L008 refactor #2004

jpy-git · 2021-11-30T00:43:41Z

Brief summary of the change made

This PR fixes #2001. The column reference following the comma had multiple child segments, therefore each child segment would detect the same comma and re-trigger the rule. I fixed this by using memory to keep a log of which commas have previously been fixed and added a test case to verify the single counting.

Are there any other side effects of this change that we should be aware of?

No

Pull Request checklist

Please confirm you have completed any of the necessary steps below.
Included test cases to demonstrate any code changes, which may be one or more of the following:
- .yml rule test cases in test/fixtures/rules/std_rule_cases.
- .sql/.yml parser test cases in test/fixtures/dialects (note YML files can be auto generated with python test/generate_parse_fixture_yml.py or by running tox locally).
- Full autofix test cases in test/fixtures/linter/autofix.
- Other.
Added appropriate documentation for the change.
Created GitHub issues for any relevant followup/future enhancements if appropriate.

codecov · 2021-11-30T00:57:17Z

Codecov Report

Merging #2004 (a19ac2f) into main (2785e84) will not change coverage.
The diff coverage is 100.00%.

@@            Coverage Diff            @@
##              main     #2004   +/-   ##
=========================================
  Coverage   100.00%   100.00%           
=========================================
  Files          148       148           
  Lines        10492     10495    +3     
=========================================
+ Hits         10492     10495    +3

Impacted Files	Coverage Δ
src/sqlfluff/core/parser/segments/base.py	`100.00% <100.00%> (ø)`
src/sqlfluff/rules/L008.py	`100.00% <100.00%> (ø)`

Continue to review full report at Codecov.

Legend - Click here to learn more
Δ = absolute <relative> (impact), ø = not affected, ? = missing data
Powered by Codecov. Last update 2785e84...a19ac2f. Read the comment docs.
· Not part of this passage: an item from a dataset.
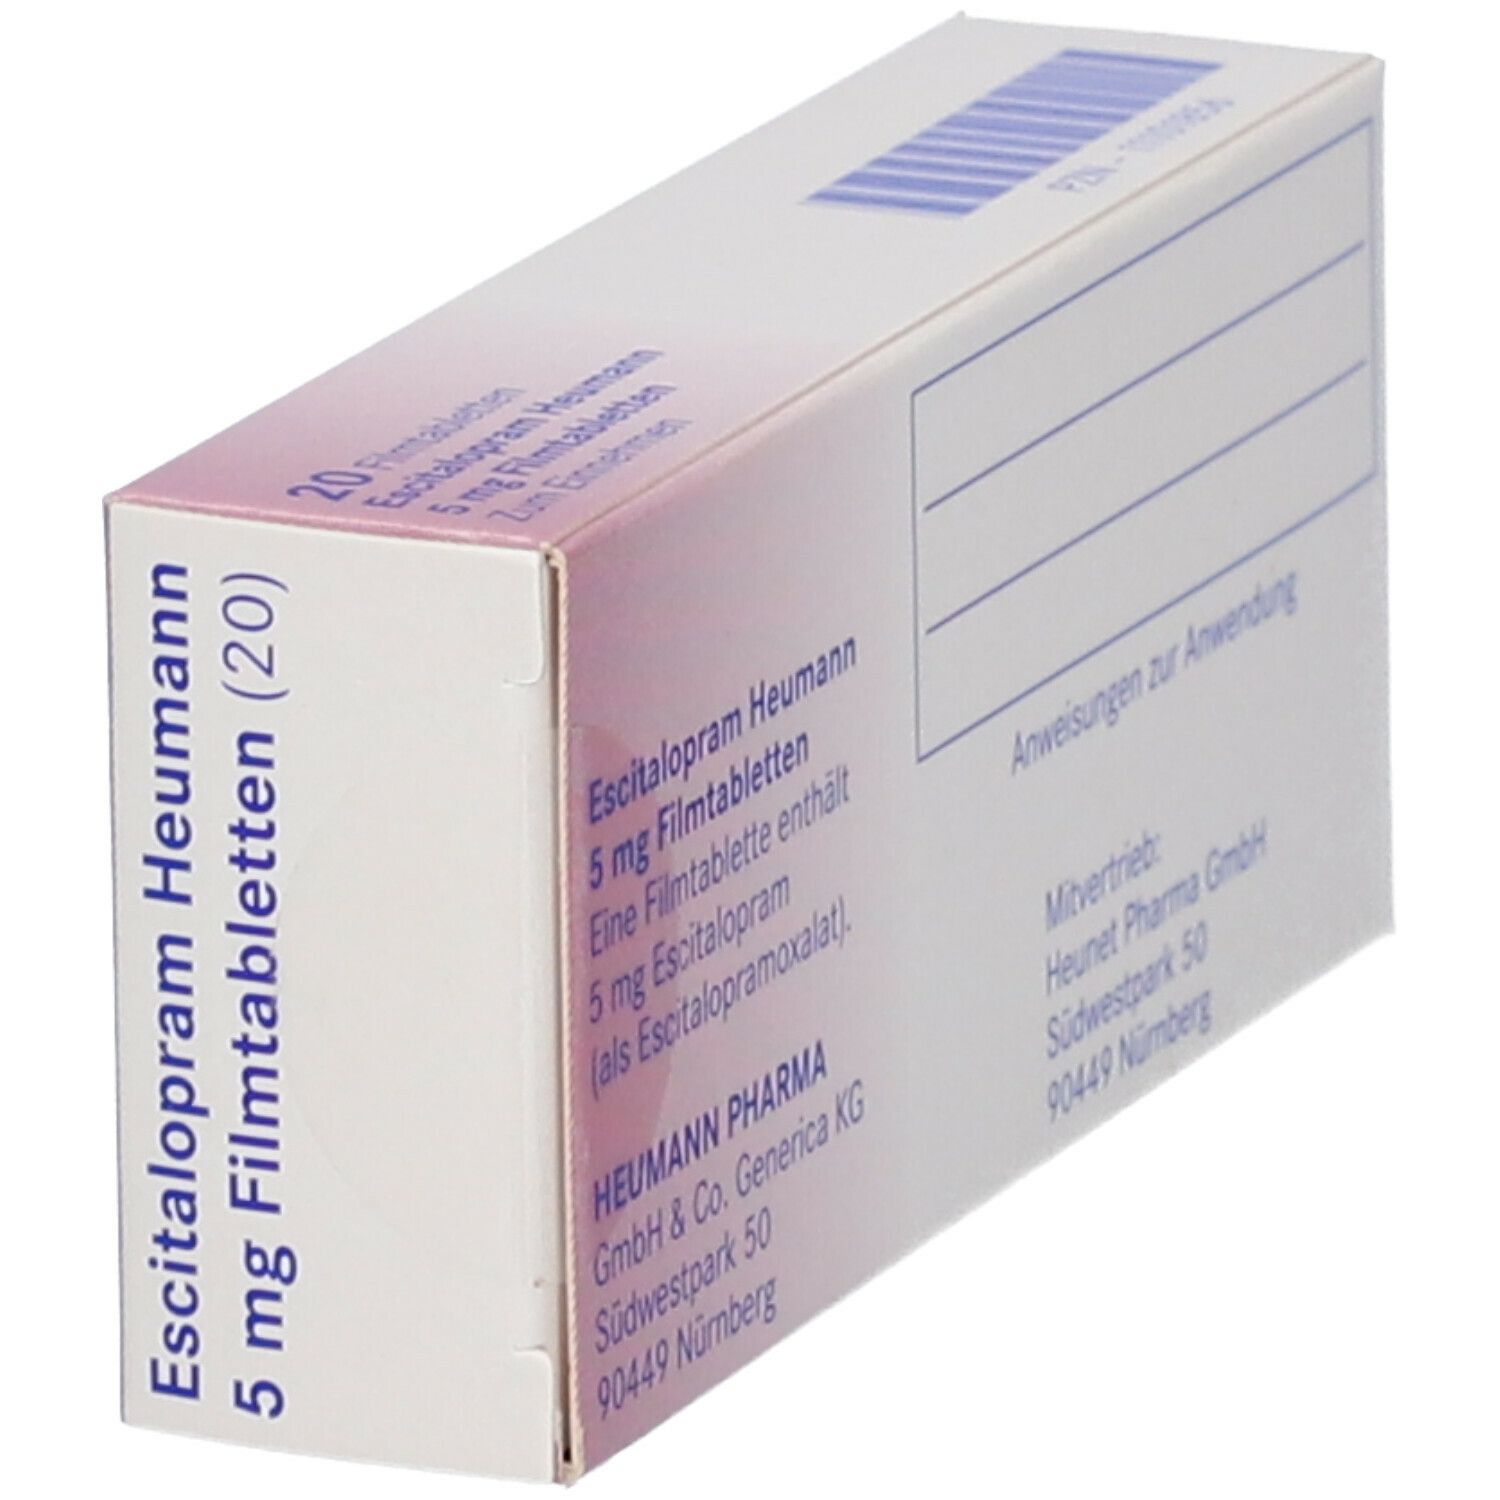 Escitalopram Heumann 5 mg

jpy-git · 2021-12-02T20:24:10Z

@barrywhart could you take a look at this please, it uses memory to log fixed commas so we don't double flag them

barrywhart · 2021-12-02T21:19:26Z

I can believe that this works, but it doesn't quite feel like a "fix" to me. My instinct is that there's a design flaw in the rule. Is there a way to write the rule so that it only checks for the issue for certain segments, so that by design, it only detects the error once? E.g. the first segment after the comma or the first raw segment after the comma?

In particular, this code seems odd to me: IIUC, rather than processing the segment that was passed by the linter, it looks at another segment related to that one.

Would love your thoughts on this. I can take a closer look if my advice seems too vague or wrongheaded (always a possibility!!).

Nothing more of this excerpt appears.